FileSource fs1("private.key.bin", true);
ed25519::Signer signer;
signer.AccessPrivateKey().Load(fs1);

bool valid = signer.GetPrivateKey().Validate(prng, 3);
if (valid == false)
    throw std::runtime_error("Invalid private key");

FileSource fs2("public.key.bin", true);
ed25519::Verifier verifier;
verifier.AccessPublicKey().Load(fs2);

valid = verifier.GetPublicKey().Validate(prng, 3);
if (valid == false)
    throw std::runtime_error("Invalid public key");

std::cout << "Keys are valid" << std::endl;

Running the code on the previous keys produces the message "Keys are valid" as expected.

Be careful when loading some keys, like those found in the RFCs. The keys are not clamped and fail validation.

Key Validation

You should always validate keys that you did not generate, including keys loaded via methods like Load and BERDecode. You should refrain from trusting the work of others. Trust is something to fall back to when you don't have security controls to place. In the case of private keys you do have controls to use.

Here is how the library validates ed25519 private keys. The level 3 check is expensive because it performs a pairwise consistency check by performing the scalar multiplication and comparing the calculated public key to the original public key.
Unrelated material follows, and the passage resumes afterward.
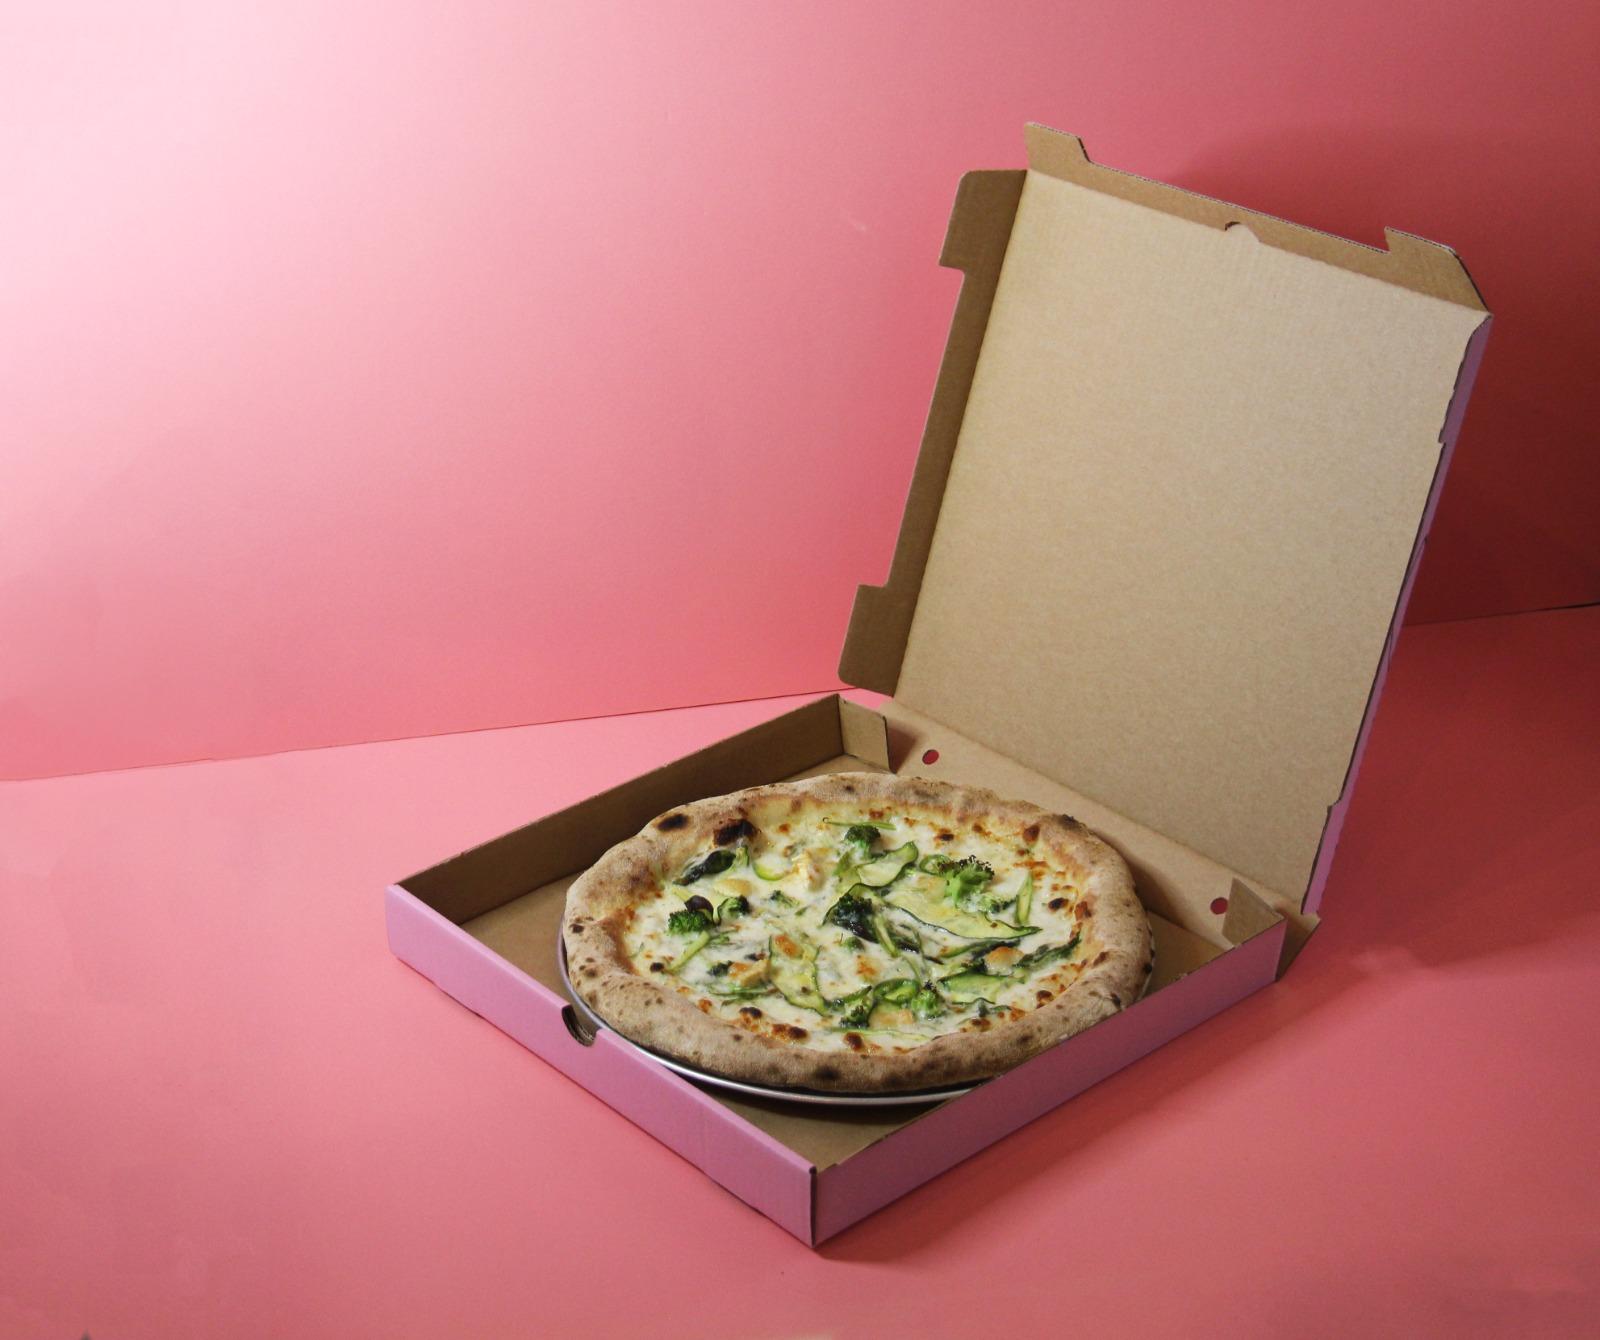 המסעדות הטובות ביותר ב אבן יהודה -  The Little Sister Pizza

bool ed25519PrivateKey::Validate(RandomNumberGenerator &rng, unsigned int level) const
{
    CRYPTOPP_UNUSED(rng);

    if (level >= 1 && IsSmallOrder(m_pk) == true)
        return false;
    if (level >= 3)
    {
        // Verify m_pk is pairwise consistent with m_sk
        SecByteBlock pk(PUBLIC_KEYLENGTH);
        SecretToPublicKey(pk, m_sk);

        if (VerifyBufsEqual(pk, m_pk, PUBLIC_KEYLENGTH) == false)
            return false;
    }

    return true;
}

ed25519 public keys are not validated because all points are valid and a pairwise consistency check requires the private key. The Validate function always returns true for public keys.

Using Integers

Earlier the following private key was shown. It is a random key that was serialized using PKCS #8 or Asymmetric Key Package format.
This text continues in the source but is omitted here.